El súmmum del absurdo

Publicado por Alberto Montiel el 13/5/2010

No me andaré con rodeos. Toda la experiencia y “sabiduría” que supuestamente encontramos en los más prestigiosos diarios de la prensa salmón por boca de los mas reputados cronistas de las finanzas y la economía, no son más que puro absurdo que aspira a justificar el sinsentido “economicista”; infumables “análisis” de “expertos” a sueldo.

Eso lo veo claro como el agua, supongo que por ser una persona ajena al mundillo profesional del cuento capitalista y tener el entendimiento limpio de esa clase de perniciosa contaminación intelectual .

Veo claro, por ejemplo, el motivo que lleva a las bolsas a reaccionar muy positivamente a los mismos efectos que en el pueblo llano producen desengaño, lamento y rencor. Siempre ha sucedido así; lógico, pues si los humildes pierden los ricos ganan. Hasta cierto punto, claro.

Los que tienen más, ahora necesitan que se recorten los “privilegios” de los trabajadores y pensionistas, para seguir igual o mejor, y por ello aplauden las medidas encaminadas a reducir el gasto que sólo beneficia a los pobres.

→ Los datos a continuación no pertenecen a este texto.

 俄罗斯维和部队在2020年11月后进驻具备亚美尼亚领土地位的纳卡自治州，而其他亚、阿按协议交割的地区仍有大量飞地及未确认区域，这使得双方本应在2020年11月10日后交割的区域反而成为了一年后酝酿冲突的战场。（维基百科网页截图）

Es indispensable que el gobierno tome cartas en el asunto y proteja el sagrado derecho de los ricos a ser infinitamente más ricos, a costa de las privaciones de millones de personas si es necesario, para que puedan seguir cobrando dividendos y gozando de prestaciones multimillonarias. Es absolutamente necesario que nuestro comprometido gobierno “socialista obrero” recorte salarios a los funcionarios, congele las pensiones, retrase la jubilación, suba los impuestos indirectos y directos, y abarate el despido, entre otras medidas, para que las empresas puedan seguir siendo competitivas y el Estado pueda seguir apoyándolas y recaudando para inyectar dinero a los bancos y realizar grandes obras públicas, aunque ni unos ni otros creen ya apenas empleo.

Es indispensable que el gobierno tome cartas en el asunto y proteja el sagrado derecho de los ricos a ser infinitamente más ricos, a costa de las privaciones de millones de personas si es necesario”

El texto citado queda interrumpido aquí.